If your goats are in good condition, leave it at that. If your goats should be in better condition, always look at improving your hay, your worming and other parastie programs you need, and your minerals. It's rarely anything as simple as more grain. Vicki


----------



## goatkid (Oct 26, 2007)

I did give one Nubian yearling some calf manna on top of her grain to help put weight on her. She was a high producing yearling with twin bucklings on her. She did put on weight, but like Vicki said, this was over a period of time. My goats are also fed good alfalfa hay. This year, she didn't require the extra boost, as she is at the appropriate weight for her size.

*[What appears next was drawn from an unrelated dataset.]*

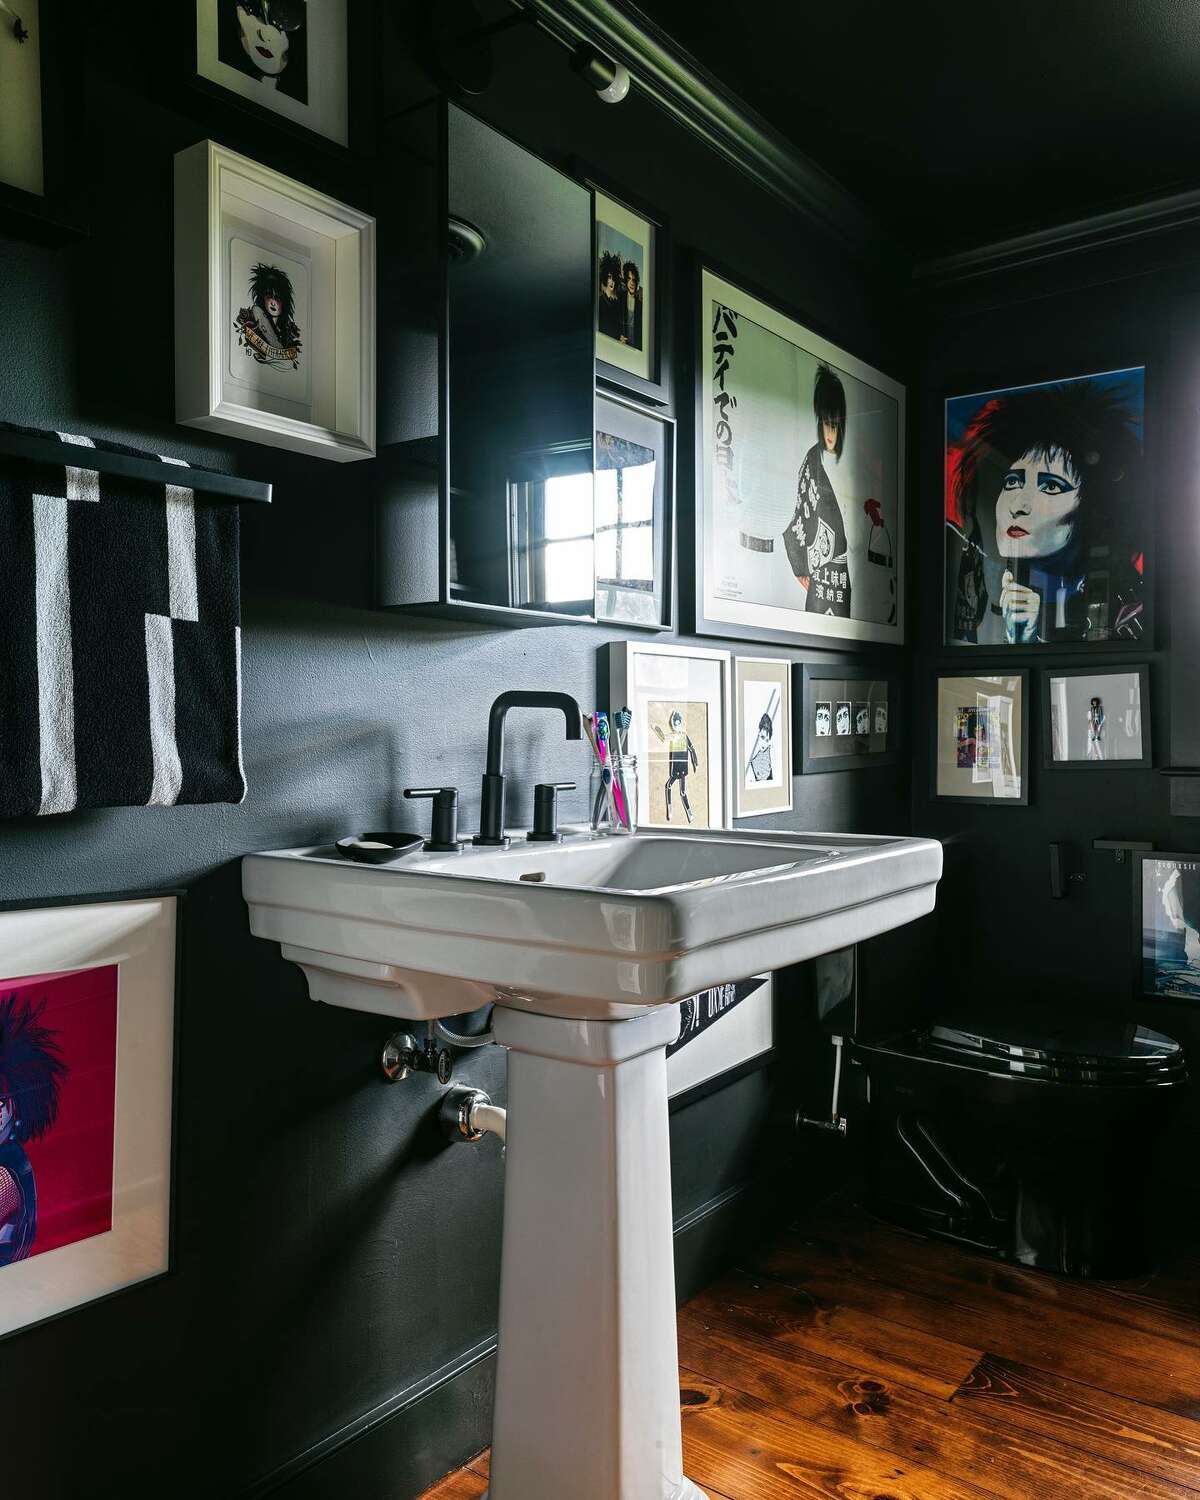 The black bathroom is an homage to British band Siouxsie and the Banshees.

Kathie


----------



## helmstead (Jun 19, 2009)

I already do BOSS, added alfalfa pellets for calcium and weight, and they all have wonderful bloom. I am my own worst enemy when it comes to critiquing my herd...

When visiting show barns with both show and production herds, I can see the difference. The production goats - brood does out of showing, milk production does, bucks out of the show season - it is easy to tell which ones are being show conditioned and which ones aren't. I wish there were more of a happy medium where production goats were more in line with the show string. I almost think these over conditioned goats stretch the standard...

Thanks for the advice. We will go and see how we compare.


----------



## Sondra (Oct 25, 2007)

I really like adding just more alsalfa pellets to put on weight myself


----------



## laughter777 (Jun 16, 2008)

Sondra, so how do you like the taste of AP? Do you pour milk over and eat it like cereal?

Lol

Sorry couldn't resist!


----------



## dragonlair (Mar 24, 2009)

It's yummy with some milk and sugar, maybe a bit of added fruit!


----------



## helmstead (Jun 19, 2009)

LOL


----------



## Caprine Beings (Sep 19, 2008)

:rofl :rofl, wiping away the tears! By the way calf manna tastes yummy! Yes I tried it.
Tammy


----------



## Faithful Crown Nubians (Dec 5, 2007)

laughter777 said:


> Sondra, so how do you like the taste of AP? Do you pour milk over and eat it like cereal?
> 
> Lol
> 
> Sorry couldn't resist!


Lol. Too funny!


----------